Monday, October 16, 2017

Stories of Sexual Harassment: Will You Ask? Will You Listen?


Harass (verb) 1. to annoy persistently  2. to create an unpleasant or hostile situation especially by uninvited and unwelcome verbal or physical contact
            --Merriam-Webster.com

Go ahead. Ask them.

Ask the women in your life--moms and sisters, wives and friends, daughters and neighbors: as a man, ask them, if, as women, they've ever experienced sexual harassment.  A leering look or sexually charged remark from a boss. An invite from a married male colleague for drinks after work.  A dirty joke shared in mixed company designed to embarrass or shock.  An outright pass from a supervisor with the unspoken or spoken understanding that if said pass is accepted one's career might just advance faster.
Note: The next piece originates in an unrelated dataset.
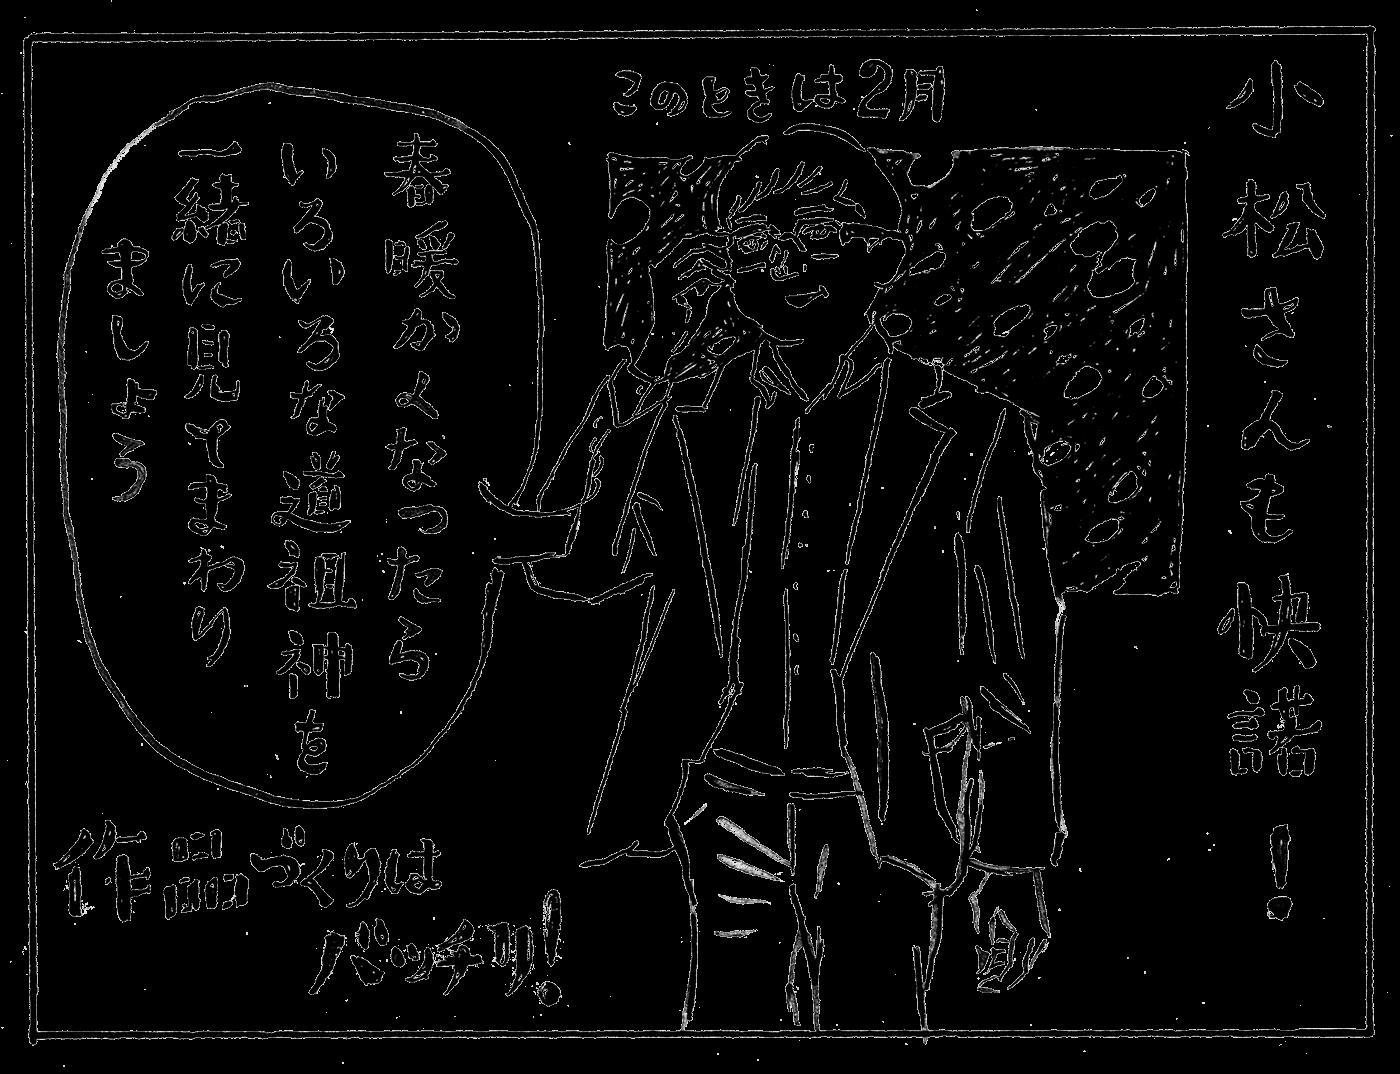 小松さんも快諾!このときは2月。春暖かくなったらいろいろ道祖神を一緒に見てまわりましょう。 作品づくりはバッチリ!
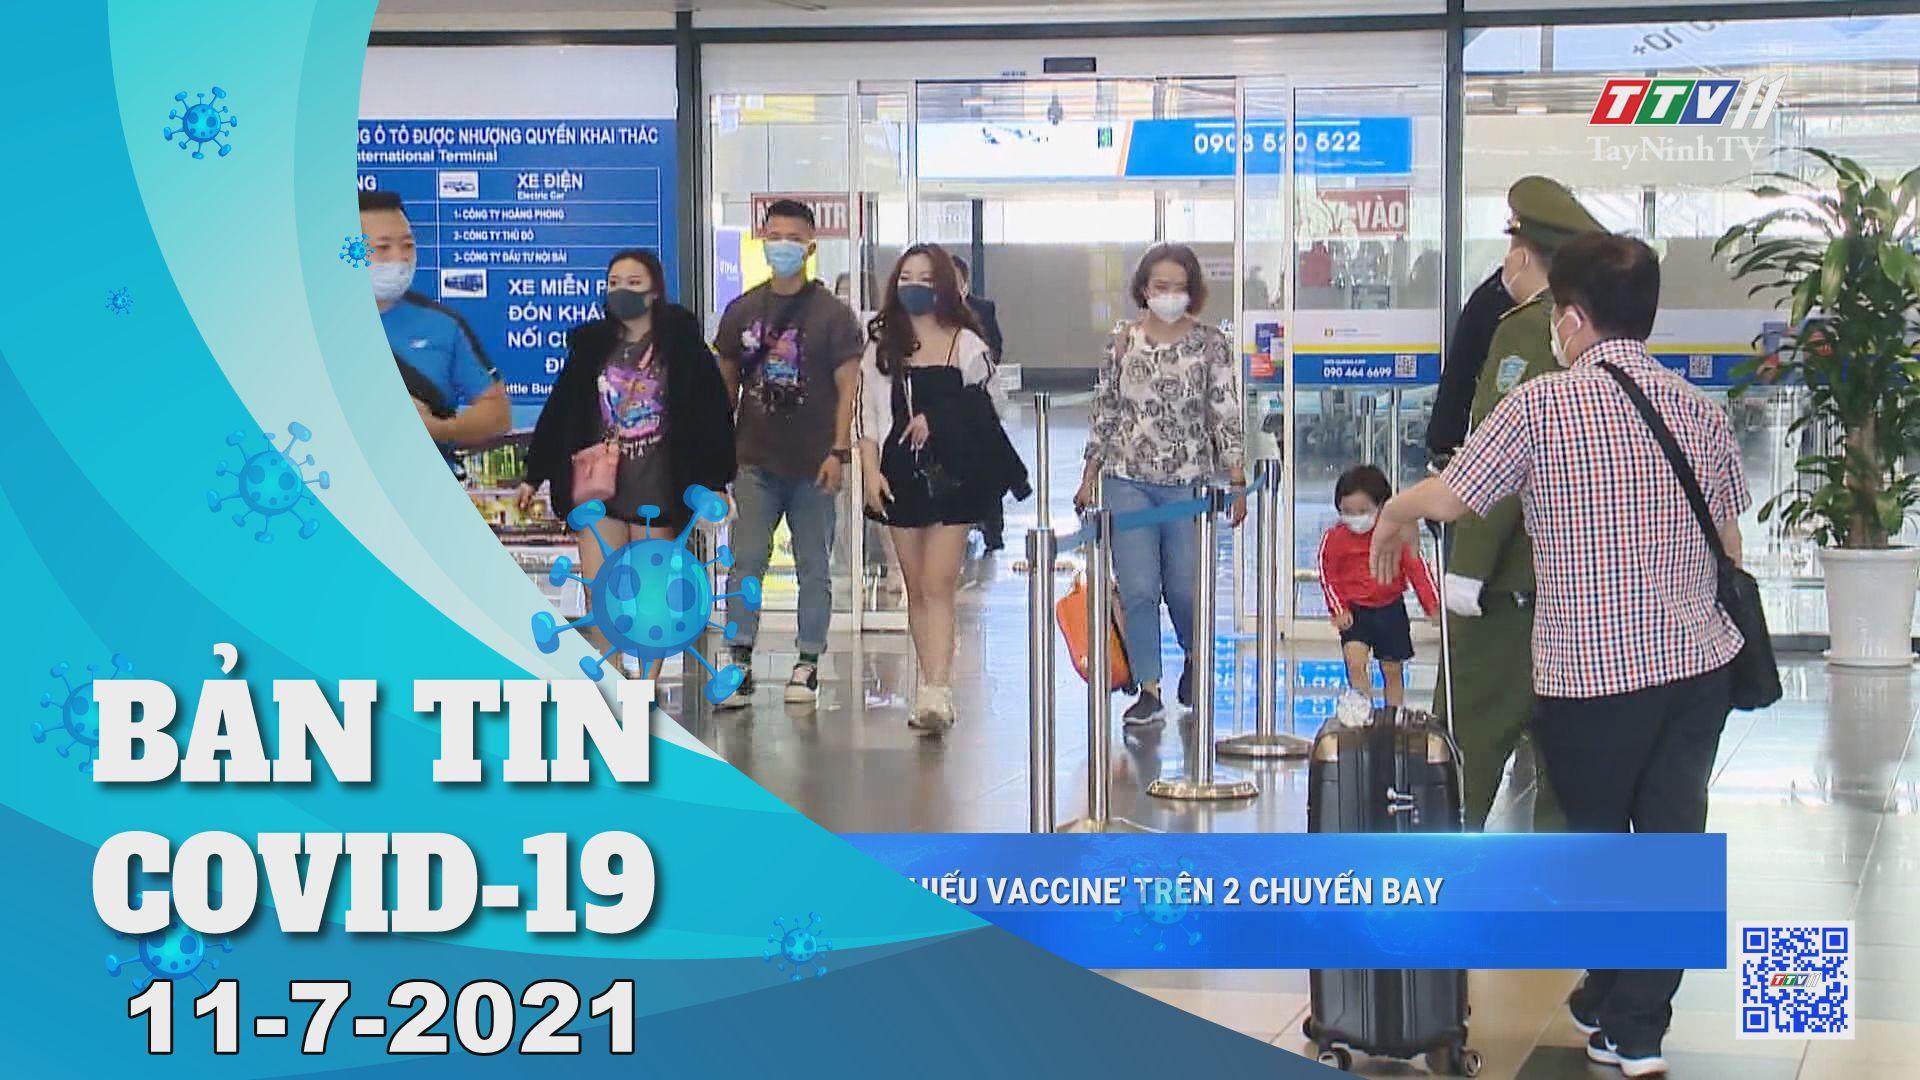 Bản tin Covid-19   Tin tức hôm nay 11-7-2021   TâyNinhTV

Ask.  And then just listen.     

I guarantee much of the time you will be shocked by the responses, by the truth that unwanted sexual attention by men towards women in the workplace is still so much more prevalent and common than society, and men, want to face up to. Almost all the women I know have at least one such story to share, often many more.  The fact it takes revelations around a Harvey Weinstein to remind us of this ongoing reality is all the more sad.  Weinstein is the now quickly falling and fading mega-powerful Hollywood producer whose apparently well deserved reputation as a lothario and harasser of women, was first reported in a blockbuster New York Times story last week. 

His story might be more shocking if it wasn't so typical. A powerful man uses the power of his position to intimidate, harass, or exploit women.  It can be a producer or the President, a minister or a CEO, a blue collar boss or a white collar manager. The setting matters less than the power dynamic, a relationship within which the one who has less power is subtly or not so subtly pushed or threatened to "just play along" for if they do not, the implication is clear.  Careers will be delayed, detoured, derailed or destroyed.

The time for self congratulation as a society is over, the comforting myth that we've come "so far".  Yes, the atmosphere in many workplaces is "better" for women, better than in generations past and yet still this stubborn societal sin of harassment (and its twin, bias)  hangs on. We may not be in the age of "Mad Men" any more but in so many major industries, women are grossly underrepresented in circles of power: high tech, government, filmmaking, and religion, to name but a few. This dearth of female leadership creates an atmosphere within which harassment easily flourishes, a locker room mentality.  It's far too easy and normative for "boys to be boys" when boys are the only people in the room.

I've been blessed in my life to be surrounded by smart, committed, ambitious and talented women, both in my family and in my work. I've grown up in a faith that declares the call by God to serve others has nothing to do with gender and everything to do with faithfulness. And I do so want to live in a world where all of us are given the chance to  become who God makes us to be, without any fear or any prejudice. That's the vision. That's the hope.  For me.

But even more important, that's the hope for Chloe and Caroline and Emily and Kara.  For Barb and Kathy and Lynne and Claire and Mary.  For Mom and Aunt Carol and Nancy and Linda.  Who are the women in your life who need to tell you their story? Who need to be heard? And more important, who needs to soar, to simply be given the chance to take the talents and the gifts that their God has given them and then succeed? Shine?

Go ahead.  Ask.  And then...listen to their stories.